# My new girls



## mtmom75 (May 19, 2011)

I picked up my 2 new does last weekend, and I'm so excited about them, I just had to share a couple of photos.  I love them.

Pholia Farm MC Heidi. She is bred to Blythmoor SD Lolliwood Star, due at the end of March..









Pholia Farm DN Gabriella. She is bred to Pholia Farm CA Mr. Incredible, due at the end of February. She's definitely got a baby bump going, and she waddles when she runs lol. :leap:


----------



## RMADairyGoats (Jun 20, 2011)

Pretty girls! I like their colors  Congrats :leap:


----------



## DavyHollow (Jul 14, 2011)

Oh My Goat!! How cute! I love the colors on Heidi!! Though Gabs face is also just darling!!1\

Can't wait to see what they give you!!


----------



## freedomstarfarm (Mar 25, 2011)

Congrats! :stars:


----------



## milk and honey (Oct 31, 2010)

Pretty pretty girls!
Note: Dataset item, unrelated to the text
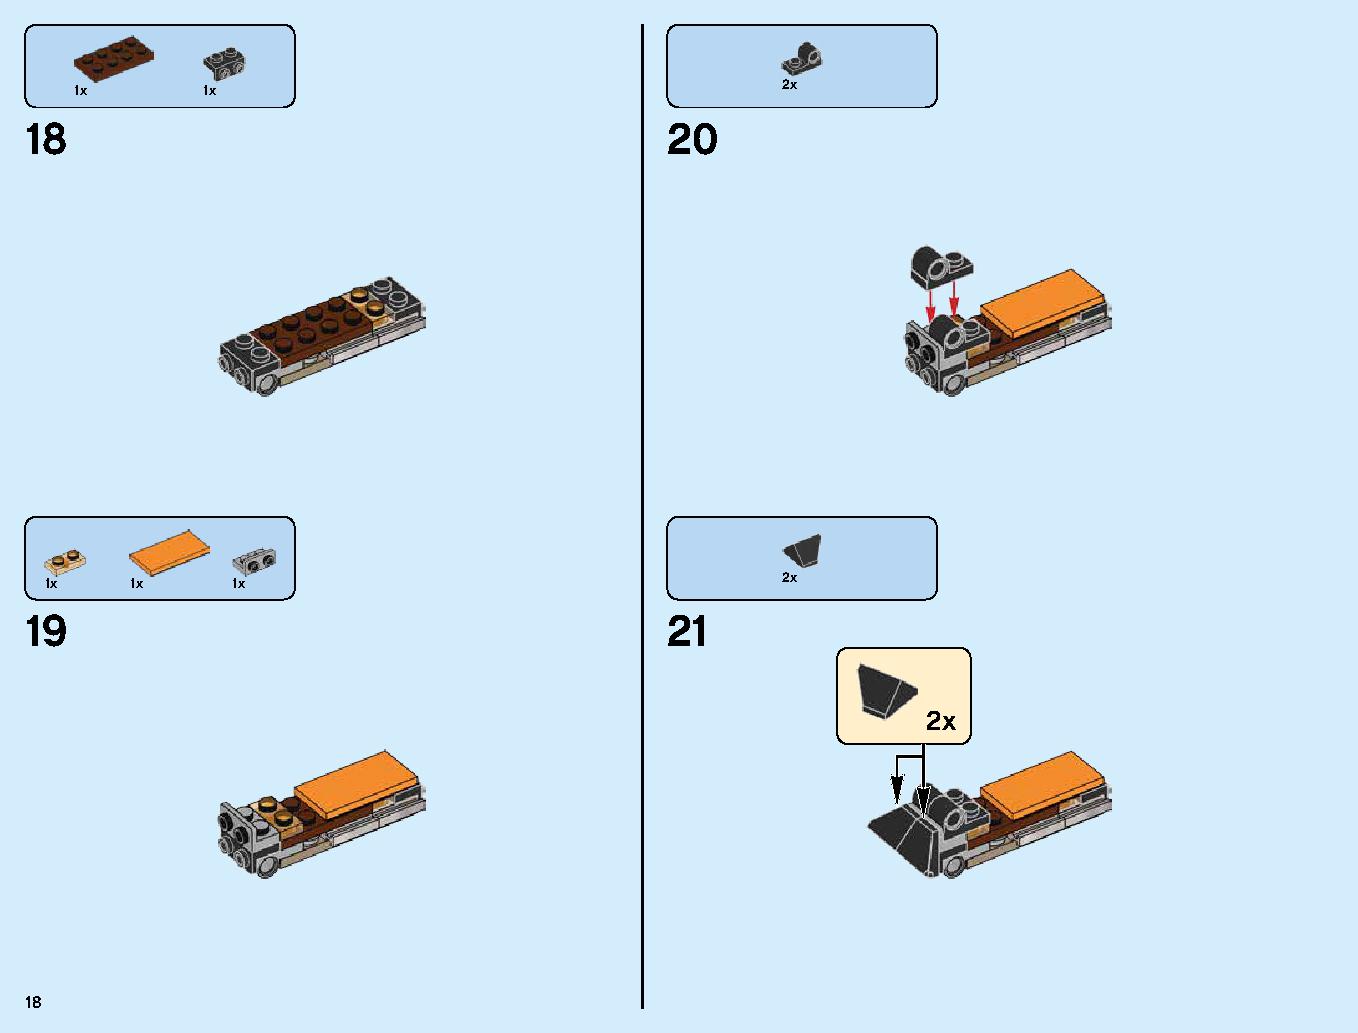 ハンティング・デスストライカー 70654 レゴの商品情報 レゴの説明書・組立方法 18 page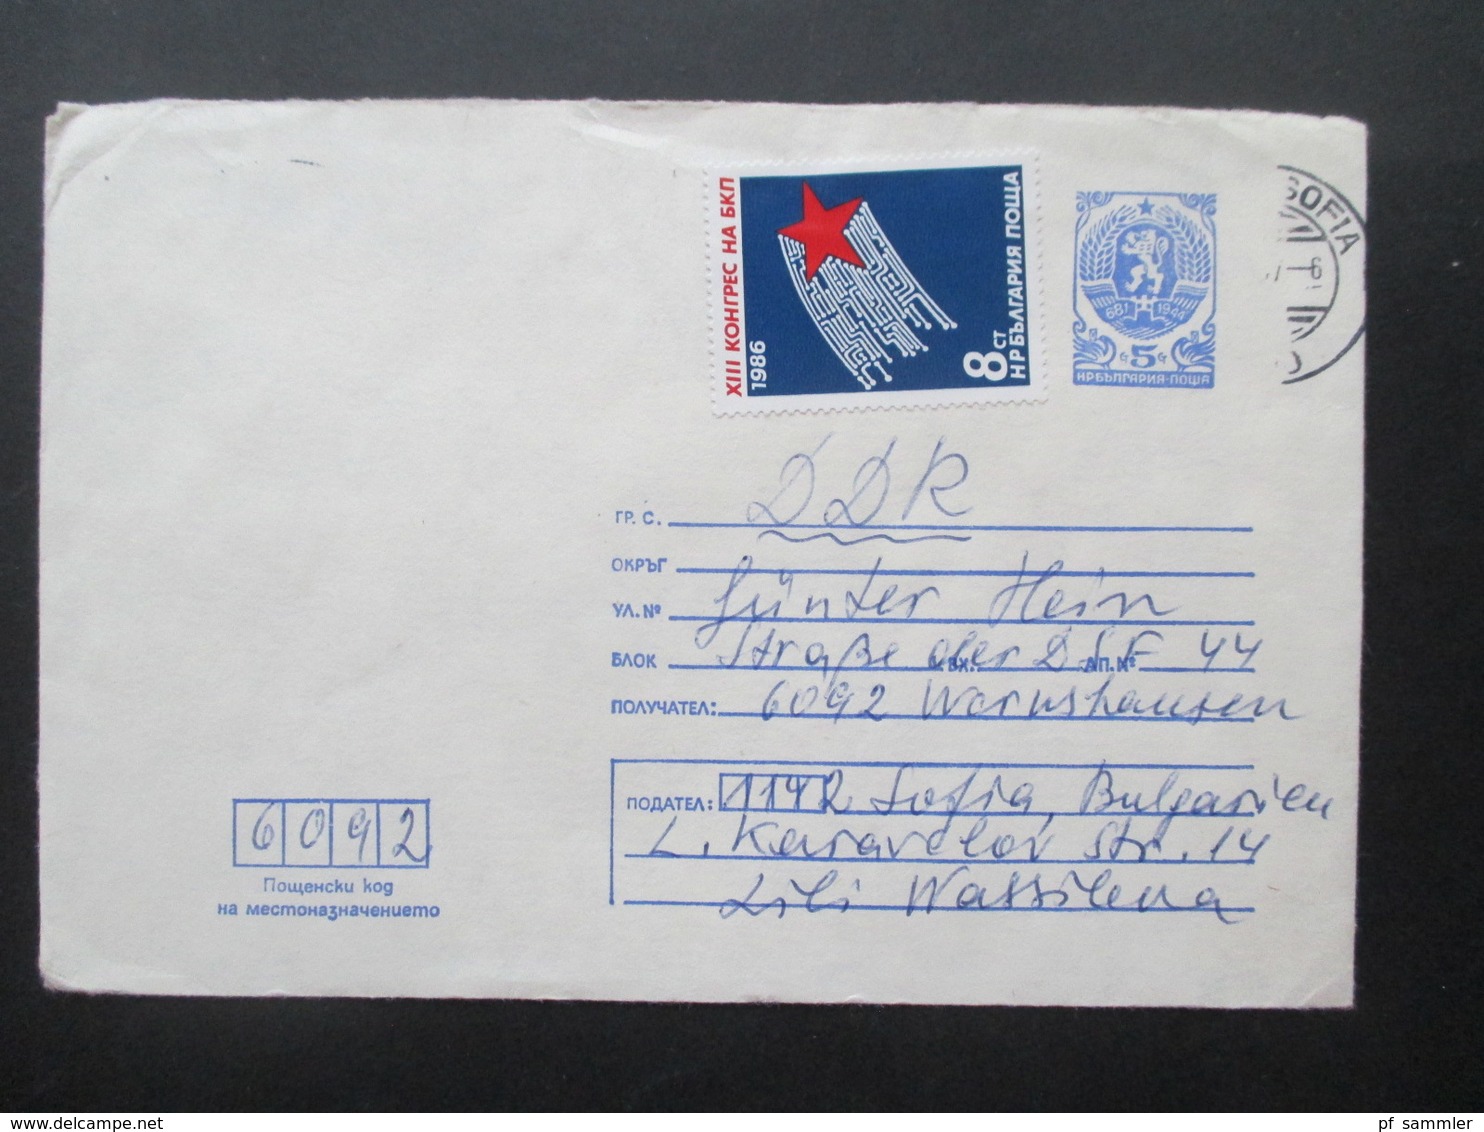 Bulgarien 1980er Jahre GA Umschläge alle als Luftpost in die DDR viele schöne Zusatzfrankaturen! Insgesamt 38 Belege

Lovely colors.. and my name is Heidi Too!!! (So she's the prettiest... ha ha)


----------



## Goat Song (May 4, 2011)

CUTE!! I love Gabriella!! Are you in OR? Just noticed that both of the does are from Pholia Farms, and was curious about your whereabouts...


----------



## mtmom75 (May 19, 2011)

Thanks everyone!

Caitlyn - I'm actually way up in the northern part of Washington, so it was a looooong drive to pick them up lol. But totally worth it.


----------



## JcH2290 (Jan 3, 2012)

Awwwe!! They are sooo pretty!! Congrats!!


----------



## toth boer goats (Jul 20, 2008)

Nice... :thumb: :greengrin:


----------



## MAW (Oct 13, 2011)

Pretty girls, Congratulations :clap:


----------



## aussieheelr (Jul 29, 2011)

Oh they're so cute  And WA how luck are you! I have family in Snoqualmie, it's my favorite place to visit... I swear fairies live the forests in that lush moss


----------